• No results found

Documentary Bills

In document export import (Page 61-63)

TERMS OF PAYMENT

II. Documentary Bills

When the exporter is unable to get the advance payment from the importer, the next best alternative mode of payment is ‘Documentary Bills’. The exporter is unwilling to part with the documents of title till he receives the payment and the importer is not prepared to part with payment and assume the risk until he is sure of receiving the goods. Under those circumstances, ‘Documentary Bills’ is a bridge, as documents are routed through the bank. It provides the required solution as it satisfies the claims of both the parties. In this system of payment, banks act as a media to reconcile the conflicting requirements of the exporter as well as importer.

Forms of Documentary Bills

Documentary Bills can be in the form of Sight Bill and Acceptance Bill. Method of payment depends on the form of bill used.

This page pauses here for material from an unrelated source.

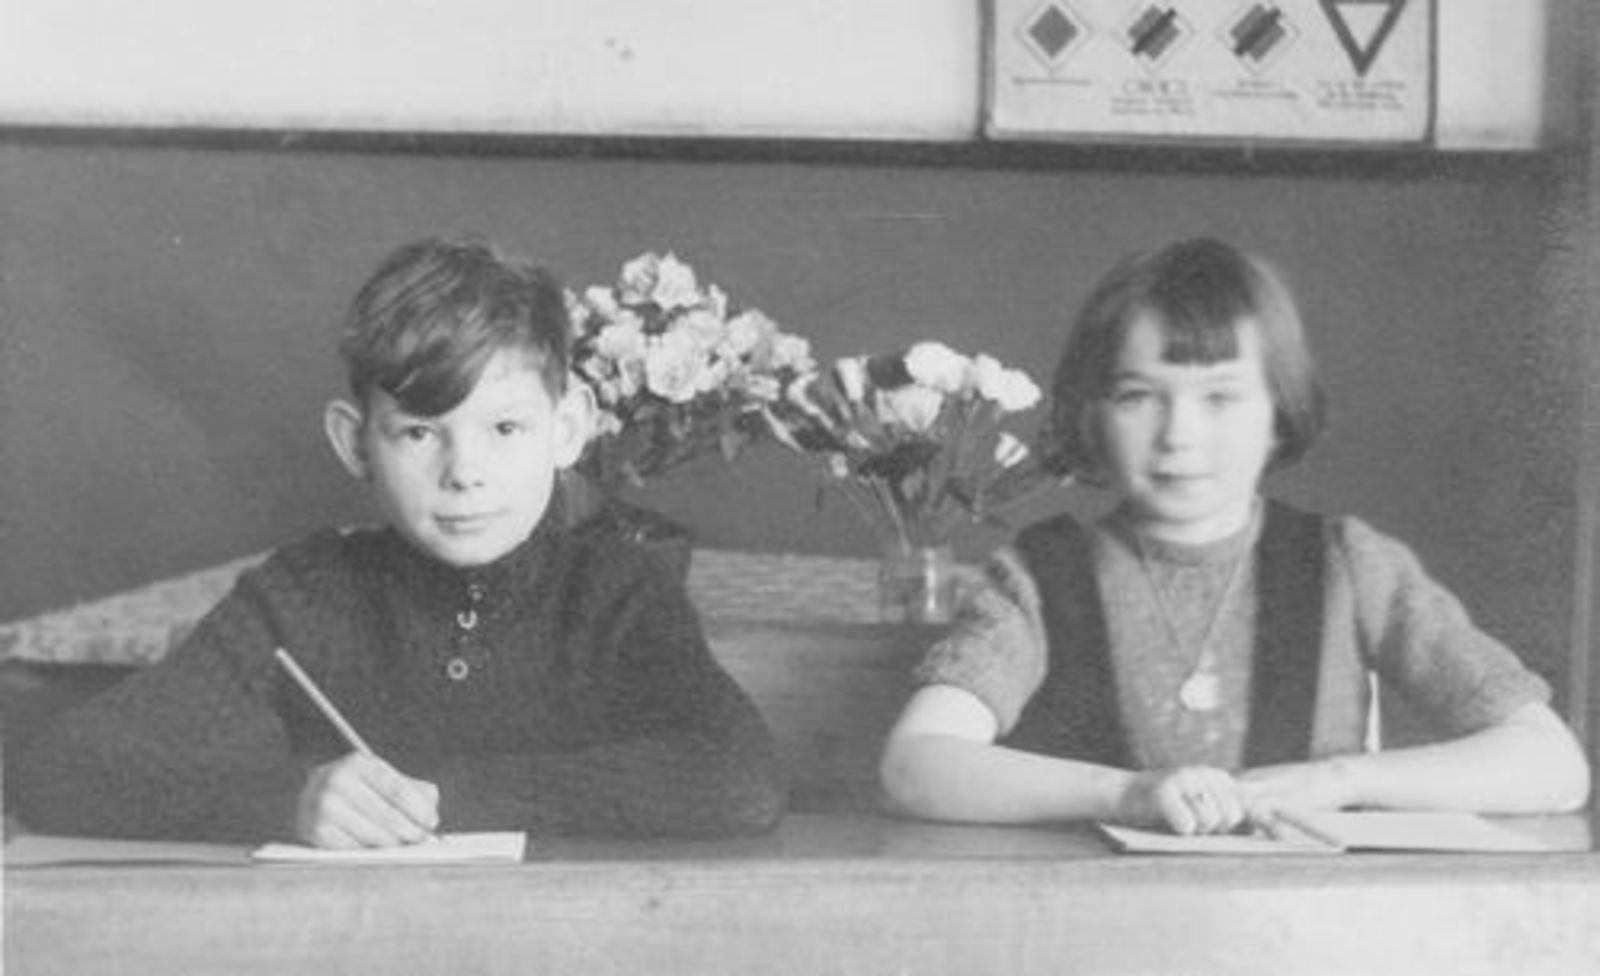 Koolbergen Aad 1941 1950± Schoolfoto met zus Ellie

Documents against Payment: Under this method, exporter draws a sight bill on the importer and hands over the relative documents specified in the contract to his banker with the instructions to deliver the documents only on payment. The documents are sent to the correspondent’s bank, where the importer is located, with the instructions given by the exporter. When the importer makes the payment, he can get title to the goods and possession.

Documents against Acceptance (D/P): Under this method, exporter draws usance bill on the importer. Usance period may be 30 to 180 days. Usance period cannot exceed 180

days as the export proceeds are to be collected within a maximum period of 180 days as per Exchange Control restrictions. The essence of the transaction is the exporter is not only willing to ship the goods but also prepared to part with the title and possession of goods, before payment is received and even extending the agreed period of credit.

(A) Collection of Bill: In this case, either D/P bill or D/A bill is sent to the correspondent’s bank for collection of proceeds from the importer.

In case of D/P bill, importer has to make payment to get the documents. In case of D/A Bill, on receipt of advice from the bank, importer accepts the usance bill by writing the words ‘Accepted’ with his signature on the usance draft. Then only, importer gets documents of title to goods from the bank. He can get possession of goods and even sells the goods to get the necessary funds to make payment on the due date. In this case, the exporter is extending credit to the exporter, apart from assuming the commercial risk of default in payment as the importer may not pay on the due date, after taking delivery of goods. Soon after the payment is received from the correspondent bank, exporter’s account will be credited when the bill is sent on collection basis.

(B) Purchase/Discounting of Bill: When the exporter is in need of funds, at the time of handing over the documents, he can request the banker to purchase/discount the bill and allow the proceeds to be credited to his account.

If it is a sight bill, bank purchases and if it is usance bill, bank discounts the bill. In both the cases, payment is made to the exporter, on presentation of documents. Different terms ‘Purchase’ and ‘Discount’ are used, in separate contexts, to serve the same purpose. However, in case the importer fails to pay the bill, the exporter’s account will be debited.

Consequences of Non-Payment in Case of D/P Bill: When importer fails to make the payment, on presentation by the correspondent’s bank, exporter may have to pay additional charges by way of warehouse charges and insurance charges, at the port of destination as the goods will be lying in the foreign port. If the importer finally refuses to take delivery of goods, alternative buyer may have to be procured or distress sale may become necessary. If nothing materialises, goods may have to be brought back to the country. This course of action results in heavy loss to the exporter.

Consequences of Non-Payment in Case of D/A Bill: There are greater risks associated in case of D/A Bill, compared to D/P Bill. In case of D/A Bill, importer makes payment only on the due date. From the date of delivery of goods till date of payment, exporter has to bear credit risk as importer has, already, taken delivery of goods. If the importer fails to make the payment, exporter has no alternative but to file only a civil suit that is beset with costs and realisation difficulty.

Common Risk: In both the cases, documents against payment and acceptance, there is a common risk-transfer risk-if there is shortage of foreign currency or exchange control

restrictions in the importer’s country. However, institutional facilities are available in all countries to cover political risk related to inability to receive the remittance from the importer’s country, even after payment by the importer. In India, Export Credit Guarantee Corporation of India LTD (ECGC) offers this facility.